Work item – Without the images, reproduce each line of the material exactly.

─── Given material

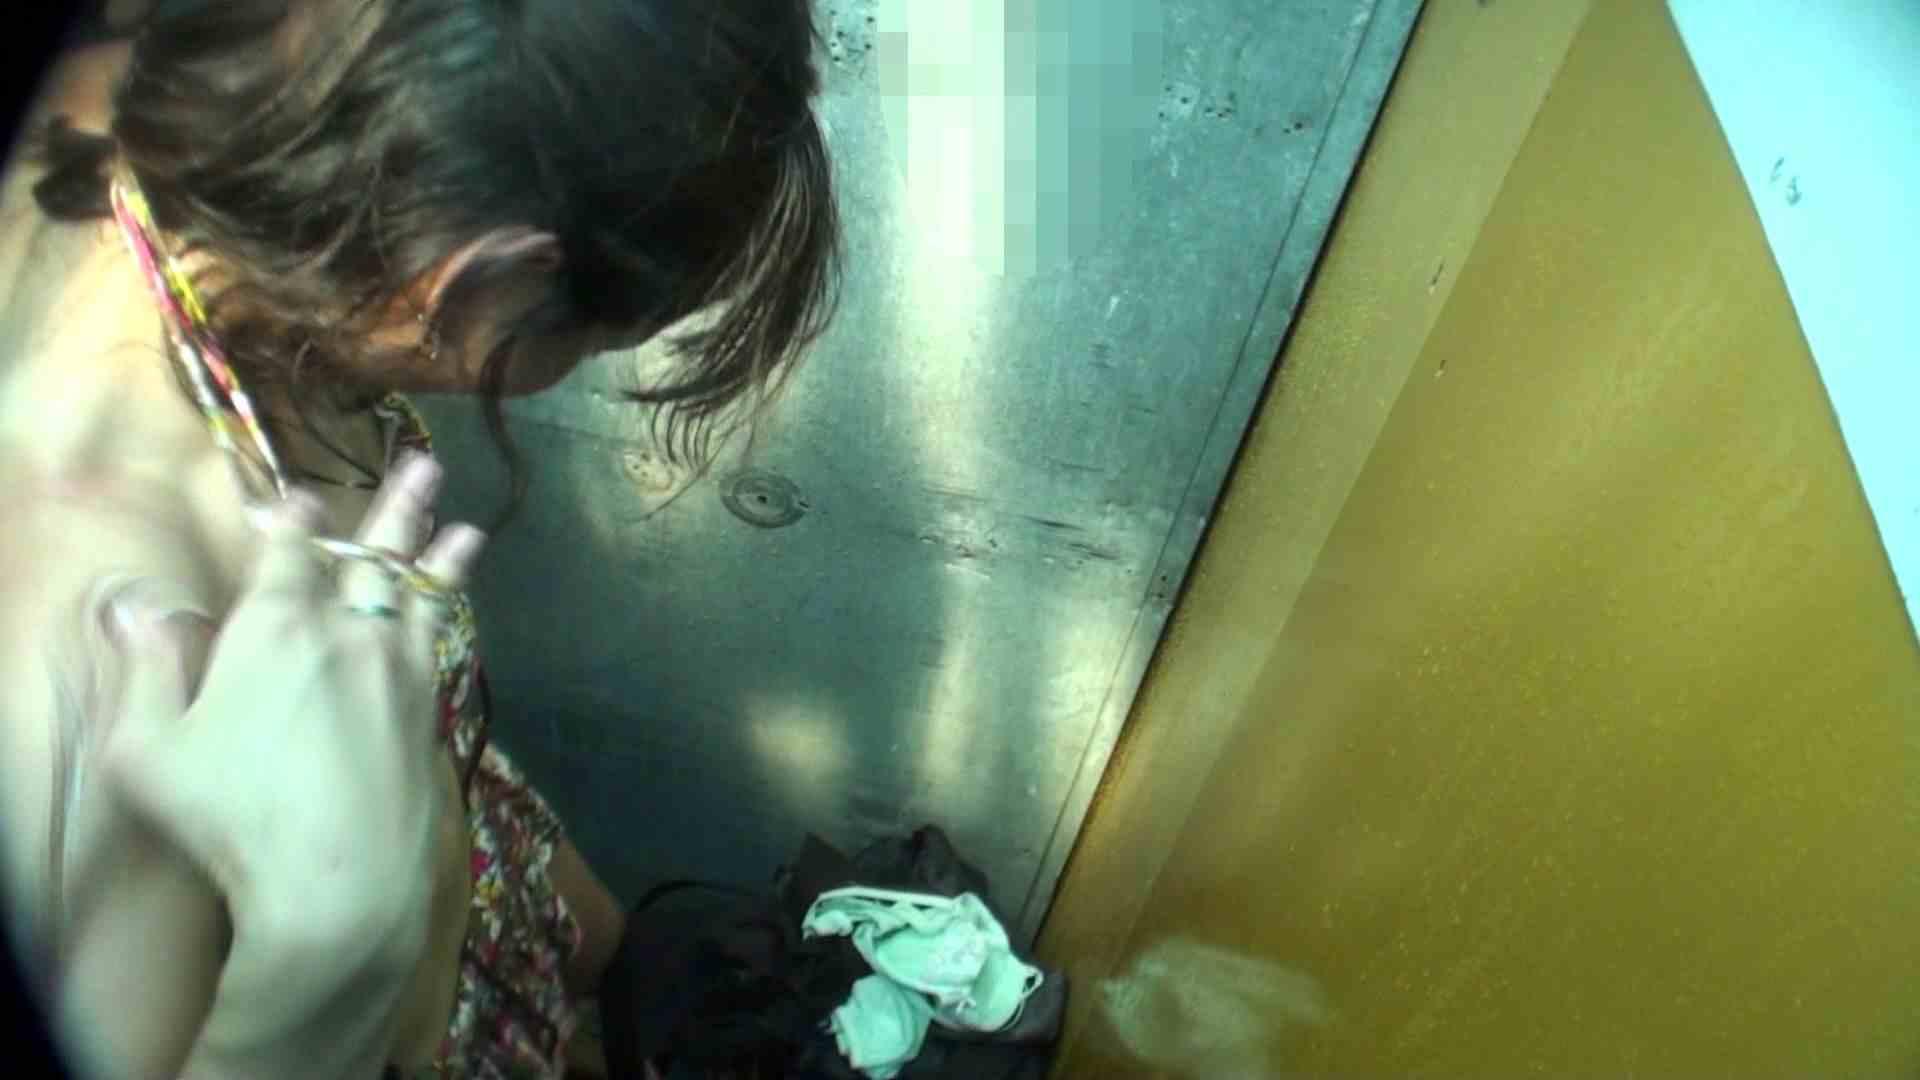 シャワールームは超!!危険な香りVol.16 意外に乳首は年増のそれ 高画質 のぞき濡れ場動画紹介 61pic 23
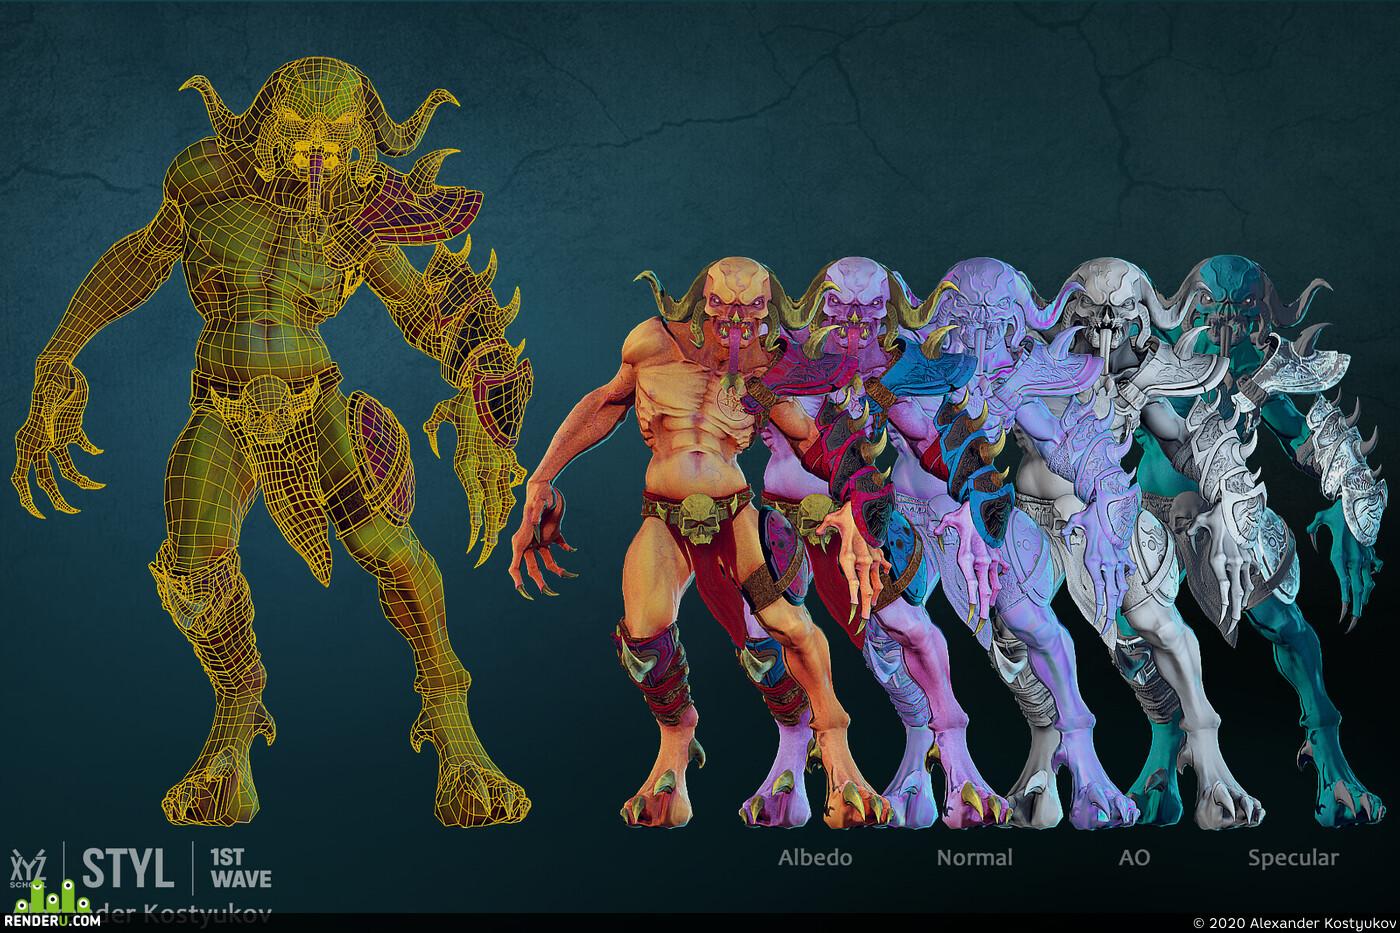 Digital 3D, Concept art, Creatures, Character Modeling, XYZschool, creature, fantasy creature, creature design
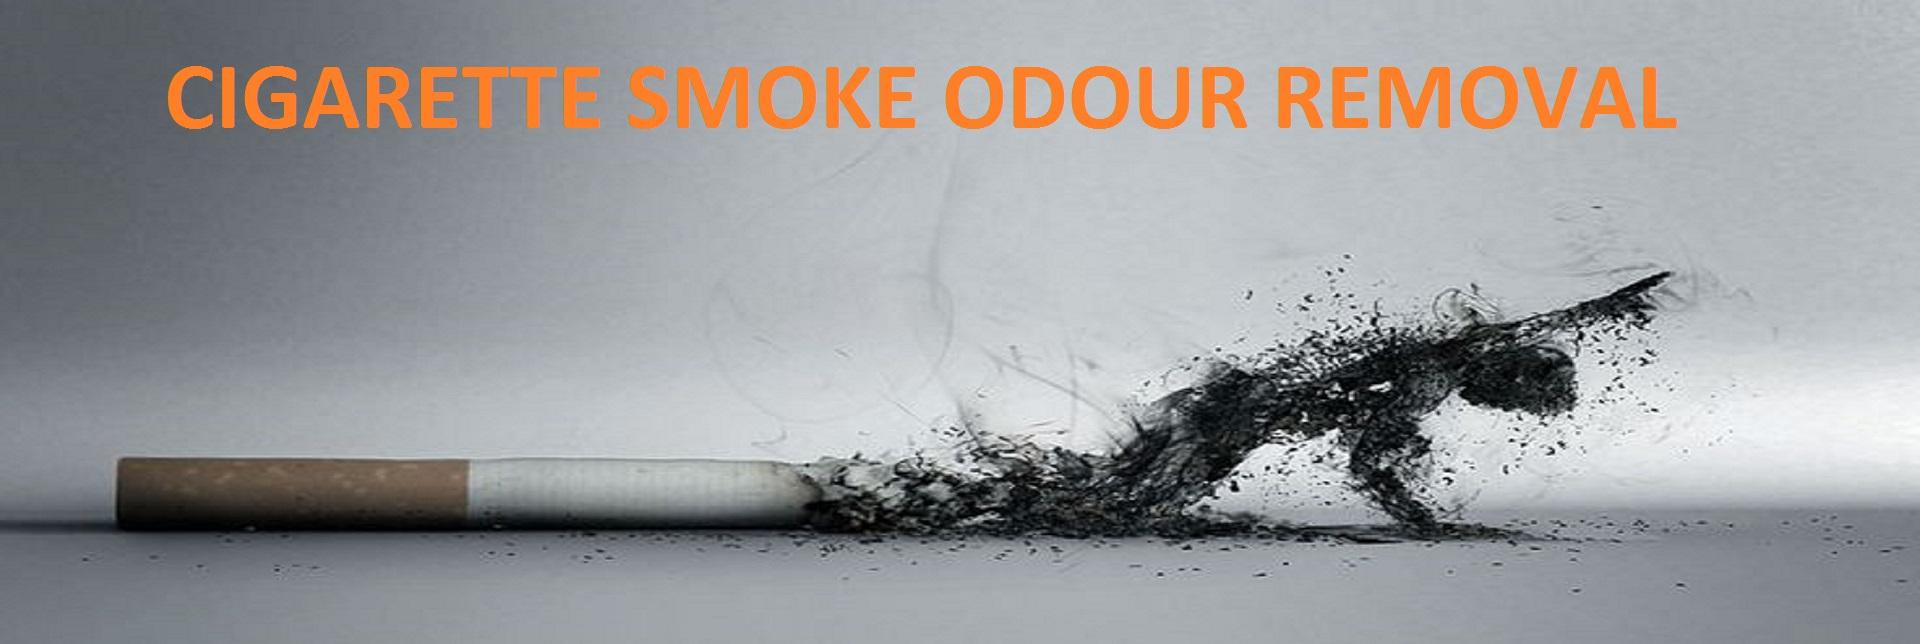 Cigarette Odour Removal Ottawa

──────

Task result –
 シャワールームは超!!危険な香りVol.16 意外に乳首は年増のそれ 高画質 のぞき濡れ場動画紹介 61pic 23
 Digital 3D, Concept art, Creatures, Character Modeling, XYZschool, creature, fantasy creature, creature design
 Cigarette Odour Removal Ottawa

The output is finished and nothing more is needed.